One amusing moment for many at yesterday’s event was the assertion that the HR and IT roles in organisations are increasingly becoming one.

This seems obvious to me, but only if one understands the transformational aspects of those disciplines, and not confuse them with the transactional. And one also acknowledges that the HR world has as strong an image problem as the IT world does.

Five years ago I took part in a team coaching exercise with the board of a government agency. We had the five members of the board together in a hotel for a couple of days, and started the event with a warm up exercise. Each member of the team was asked to write down a type of car, and that car should be, in their eyes, representative of how they saw themselves in their role.
These cars were then drawn anonymously from a hat, and one by one the team were asked to guess who had chosen which.
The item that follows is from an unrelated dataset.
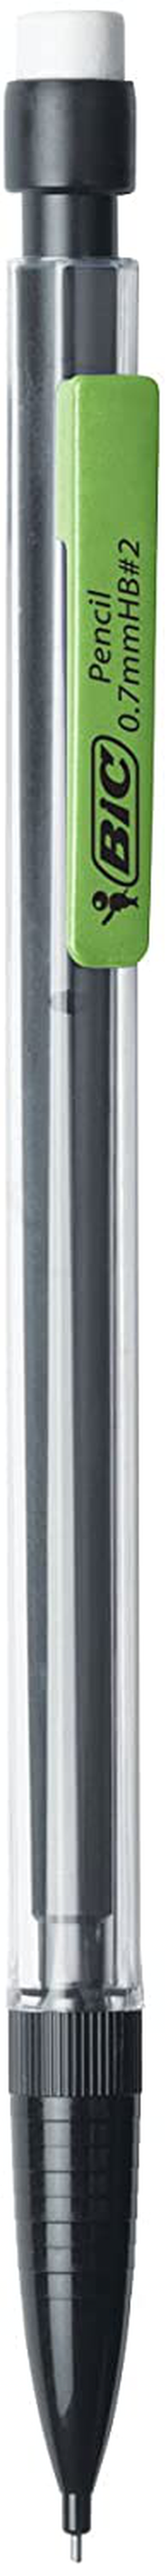 BIC Xtra-Smooth Mechanical Pencil, Medium Point (0.7 mm), 40-Count , Black
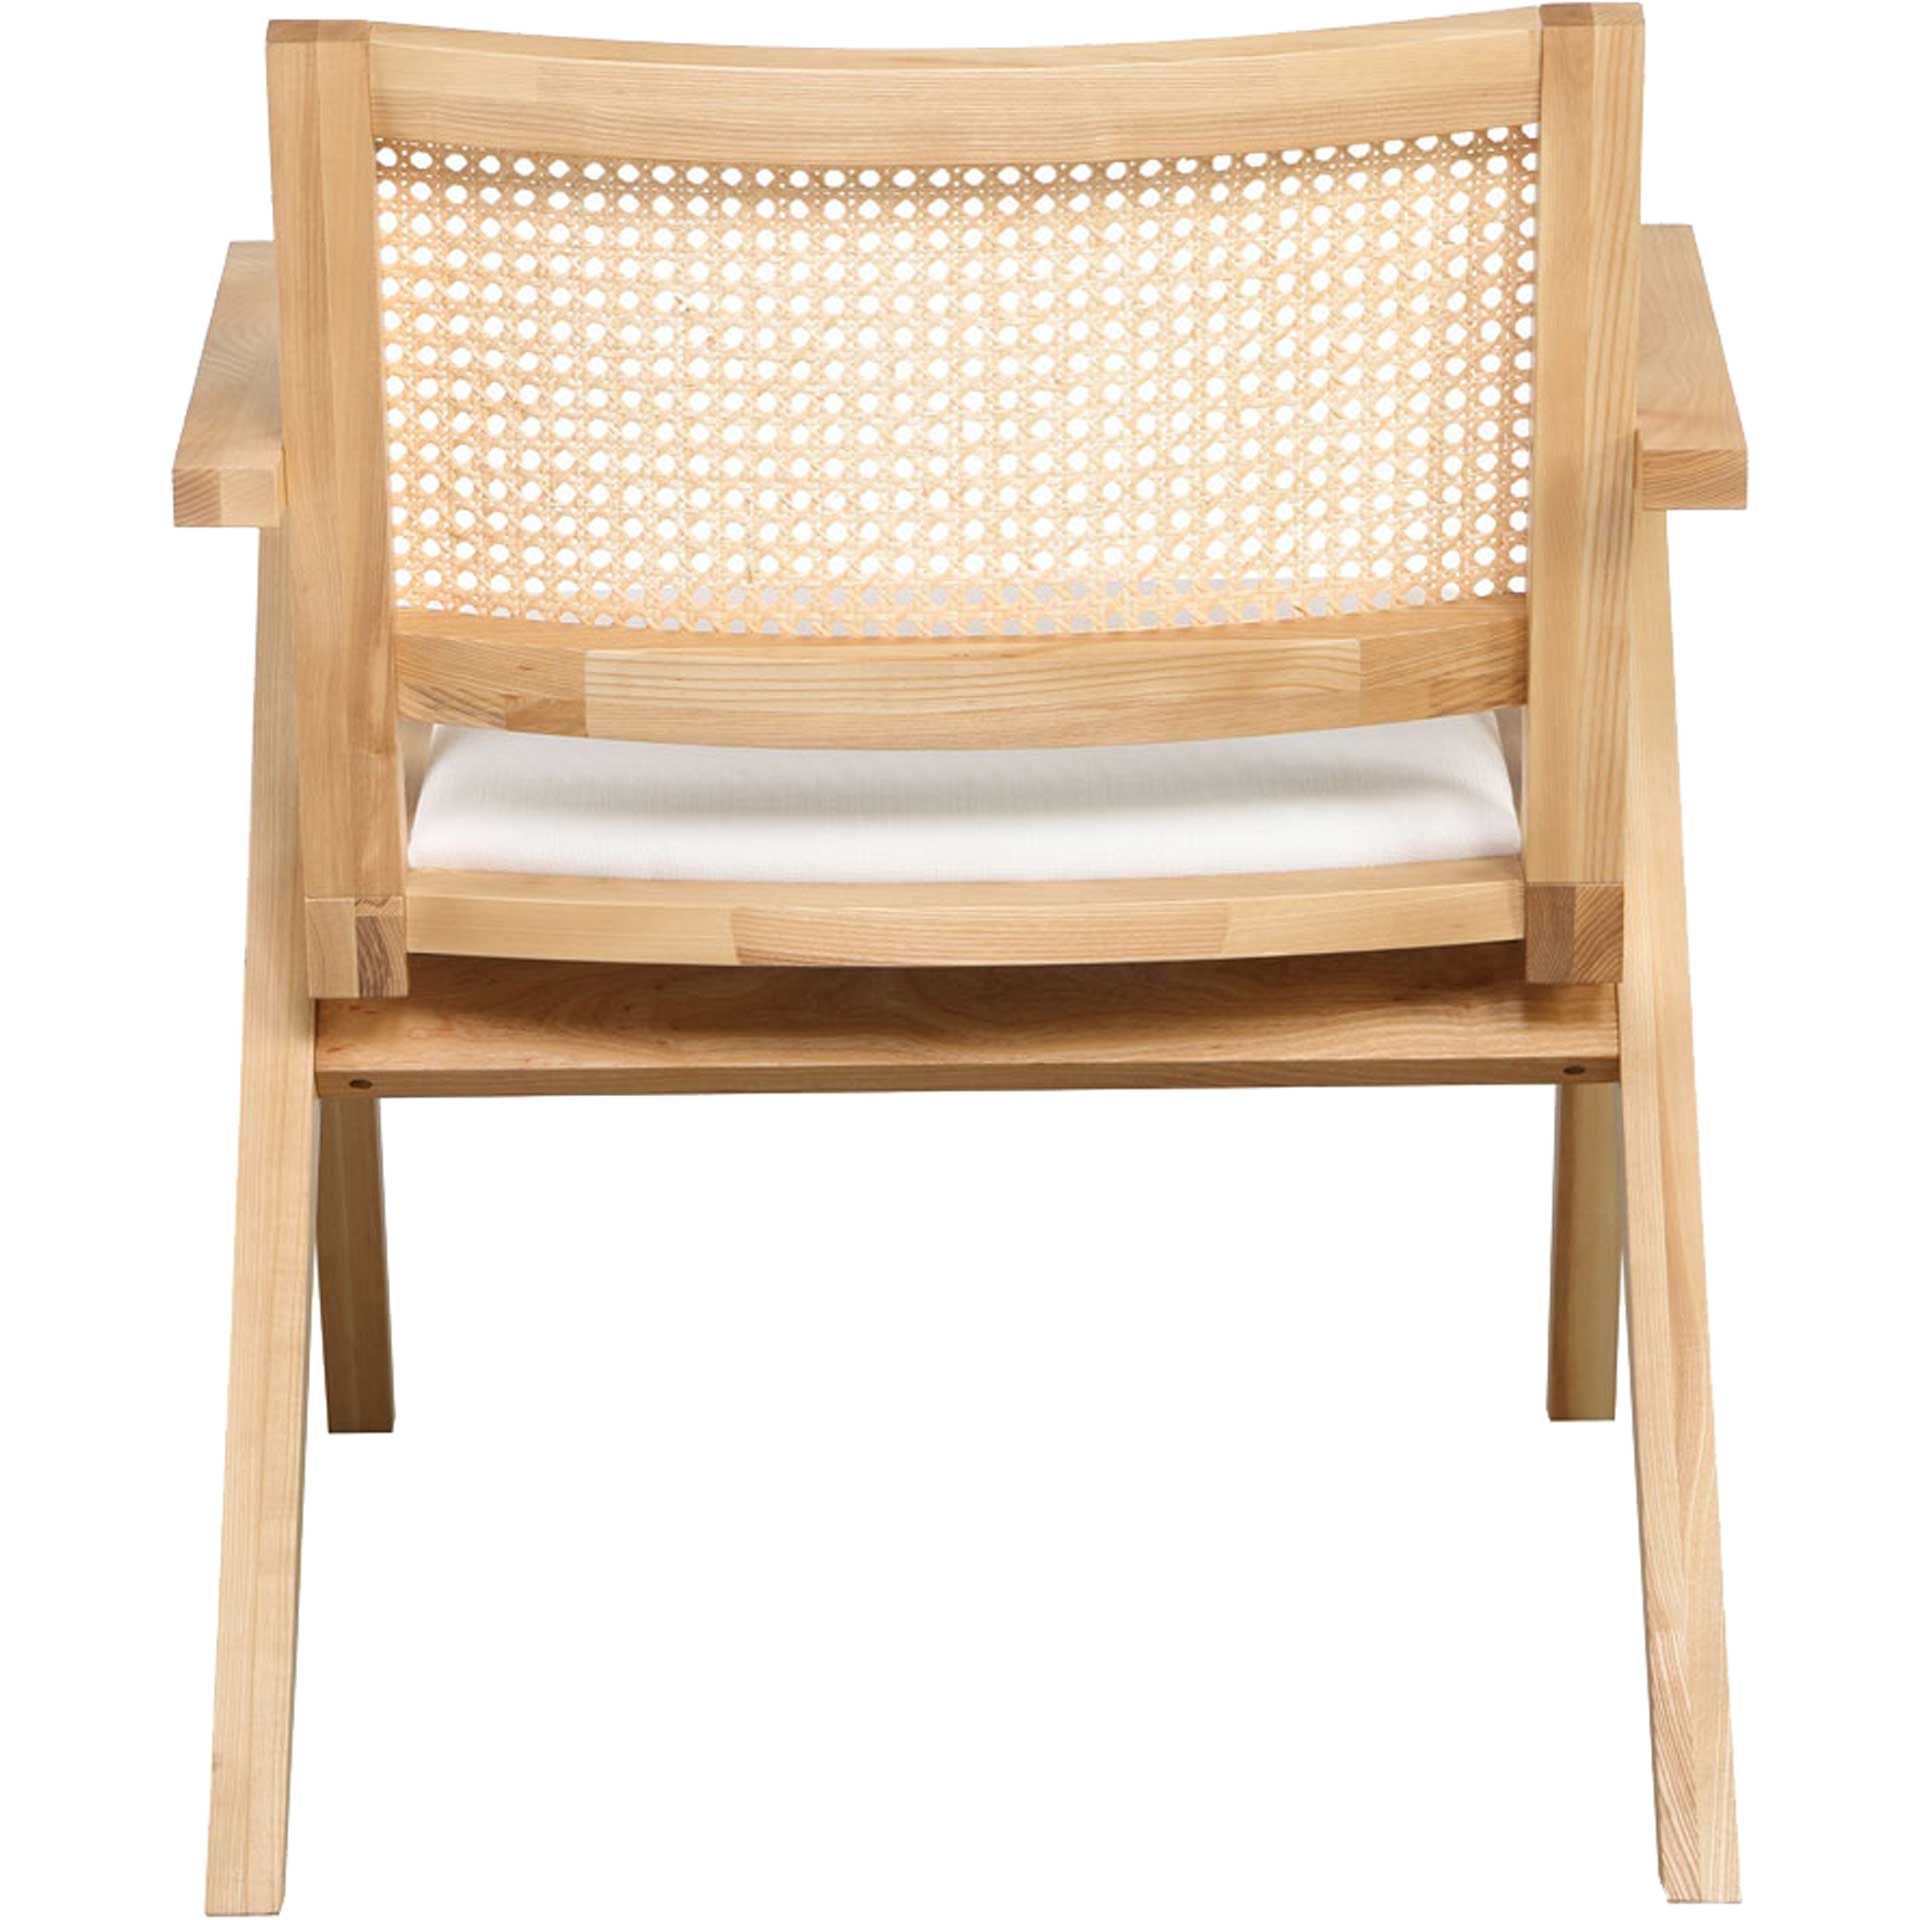 Kral Rattan Accent Chair Natural/White

Out of a hat came a VW Beetle. The four male, middle-aged, middle class men all thought that this was the choice of the female, slightly younger HR Director. It wasn’t until the Ferrari came out of the hat that we actually discovered the car that the personnel head had actually chosen.

Back to yesterday’s assertion – if it’s the routine, somewhat plodding transactional side of HR services (disciplinary procedures, administering performance management processes, recruitment processes, policy creation and enforcement etc) merged with the technology aspect of IT (running boxes, setting up user accounts, etc) then a process hydra of epic proportions would be born (and go on to scare small children no doubt).

However, bringing the organisational development, leadership, team building and other transformational aspects together would be an entirely different beast. I’ve been bandying around the concept of the “Chief Collaboration Officer” recently – the logical extension from CTO through CIO… and that, potentially, is what was being envisaged at the Altitude event yesterday.